Additionally, the long-term use of dexamethasone may have several negative impacts, such as cushingoid symptoms, weight gain, hyperglycemia, hypertension, acne, dyspepsia, edema, anxiety, insomnia, depression, and infection. Reducing, tapering, or withholding dexamethasone premedication strategies may minimize the adverse effects of steroid use. However, our retrospective study could not determine whether the women who received steroid premedication experienced such unfavorable reactions, and further prospective studies are warranted to identify these unacceptable consequences. Preclinical studies found that dexamethasone rendered cancer cells resistant to paclitaxel infusion. Sui M et al. found that premedication with dexamethasone affected the cytotoxic effects of paclitaxel on morphological abnormalities and apoptosis in cells [9]. Hou et al. described that premedication with dexamethasone reduced the inhibitory effect of paclitaxel on tumor growth in mice with ovarian carcinoma xenografts compared with mice treated with paclitaxel alone [10]. Therefore, withholding the dexamethasone protocol should be widespread not only in patients at high risk of steroid-induced side effects, but also in patients in whom excellent outcomes are a priority.

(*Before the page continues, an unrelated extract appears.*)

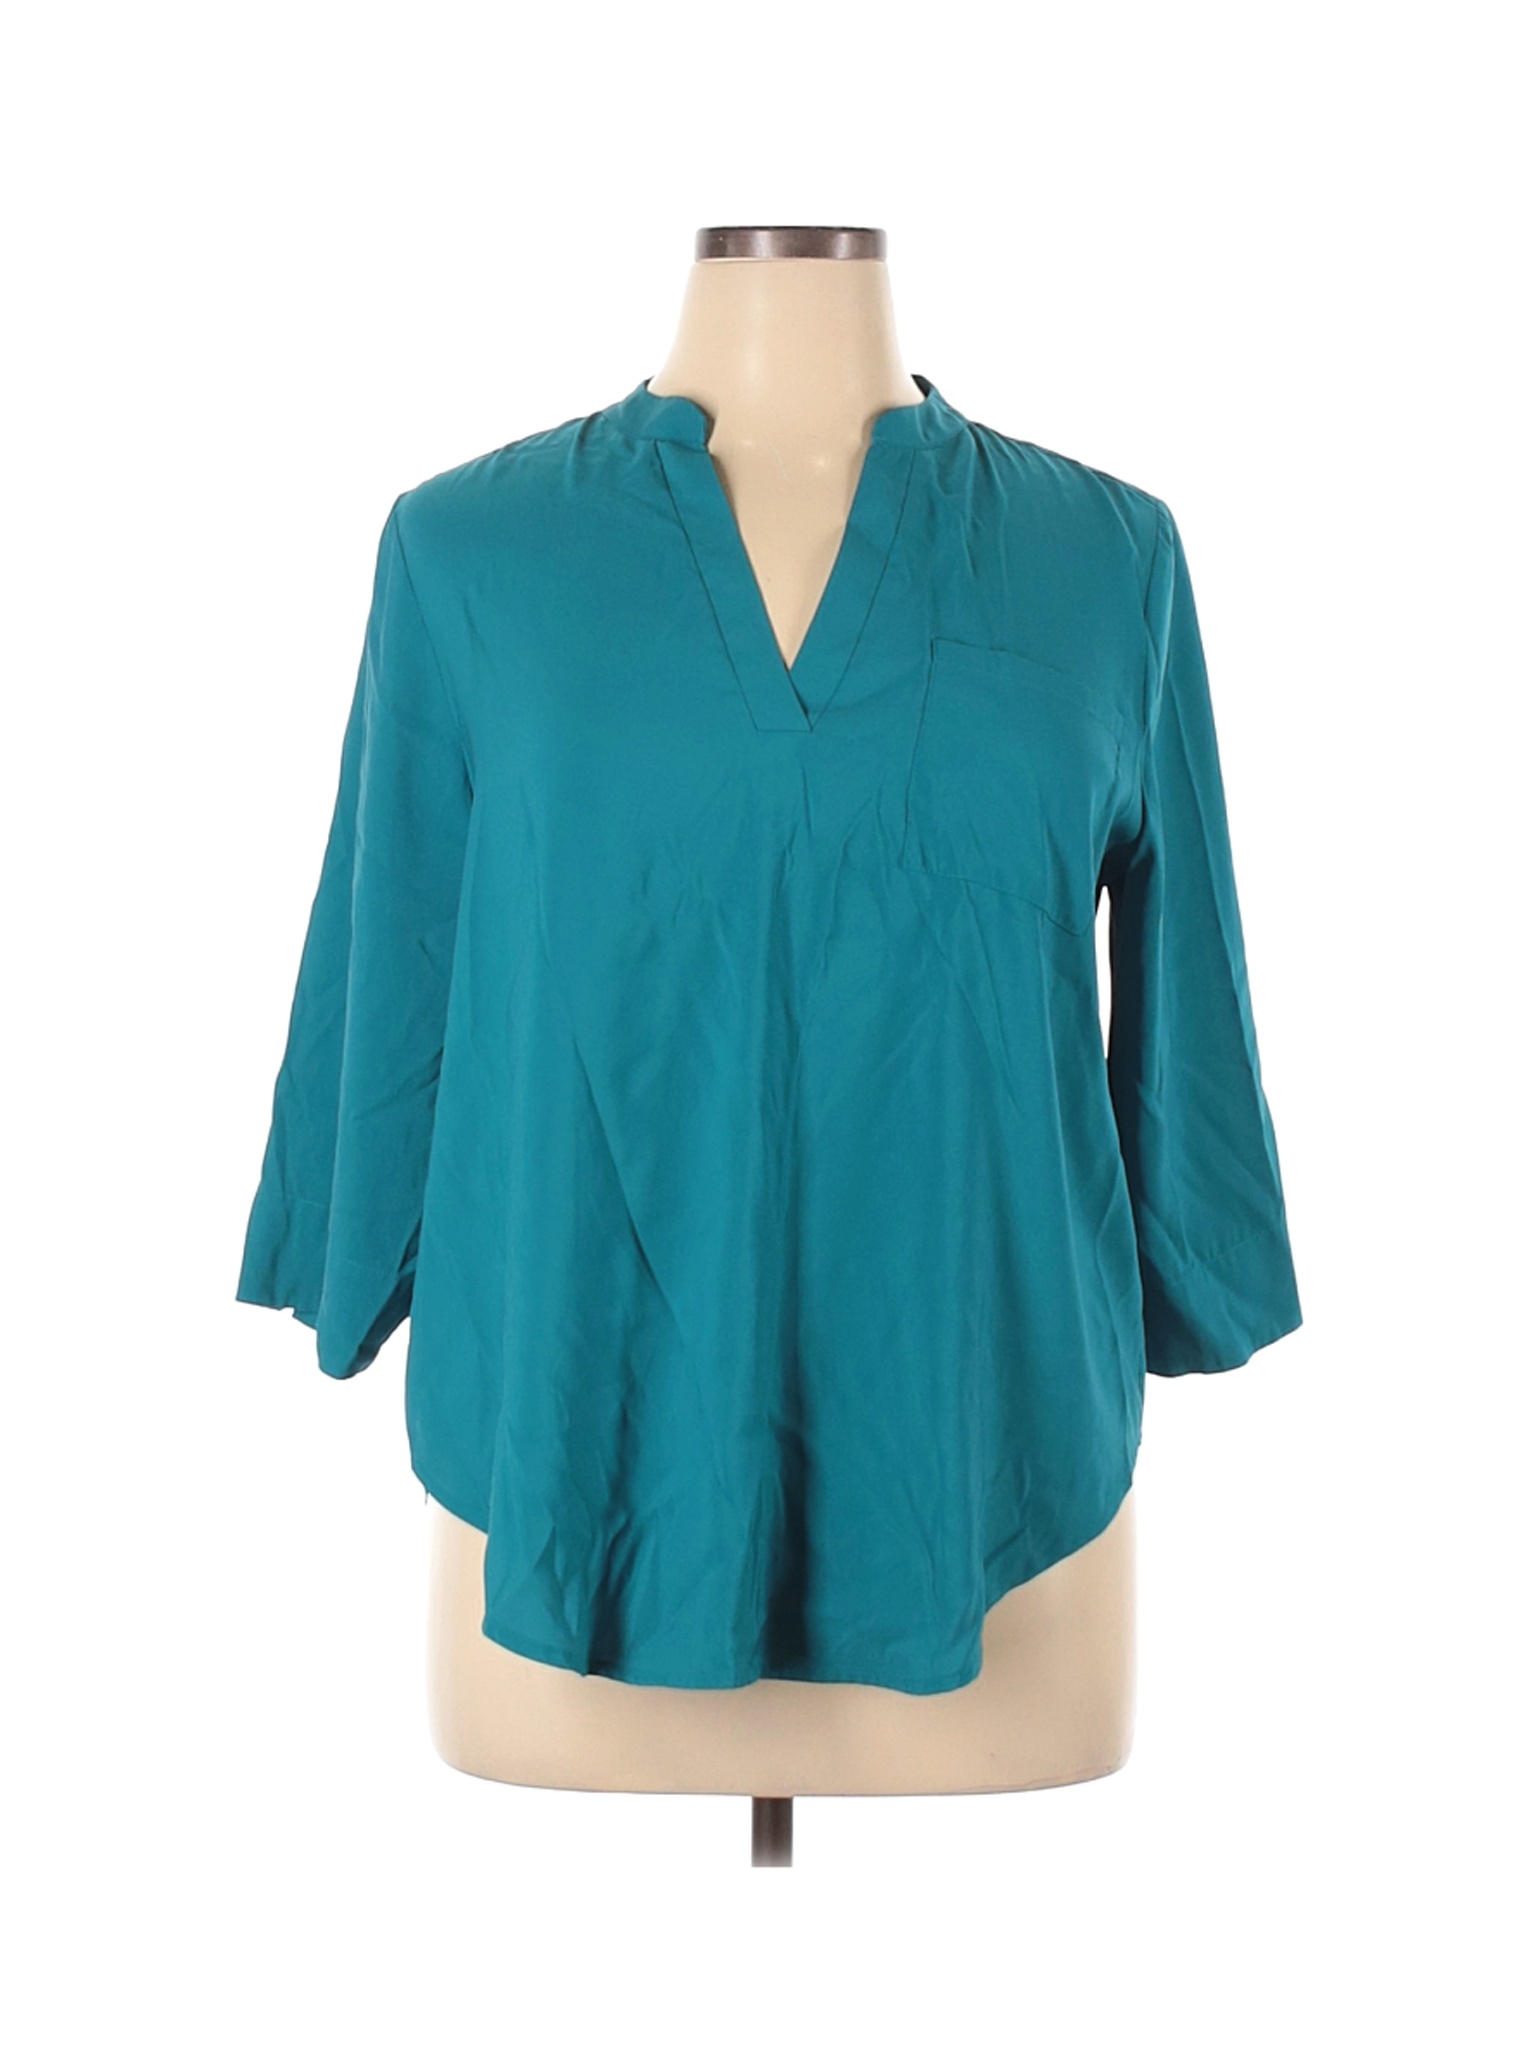 Coldwater Creek Women Green 3/4 Sleeve Blouse XL Petites | eBay

Our retrospective observational study has several limitations. First, even though we included only women with early breast cancer who received more than 6 cycles of weekly paclitaxel chemotherapy, the number of women in this study is small, and this might have affected the reported incidence of HSR. Second, the HSR to paclitaxel was determined by the retrospective review of medical records, and minor reactions may not have been reported. Finally, the adverse effects of steroid use were not identified in this study; thus, further large prospective studies are warranted to validate all comprehensive outcomes.
Withholding premedication with dexamethasone in patients who do not experience hypersensitivity reactions during first few weeks of weekly paclitaxel administration is feasible, and appears to yield a similar incidence of HSR. However, a prospective study to identify the optimal schedule of premedication with dexamethasone for use with the widespread paclitaxel chemotherapy adjuvant regimen is warranted.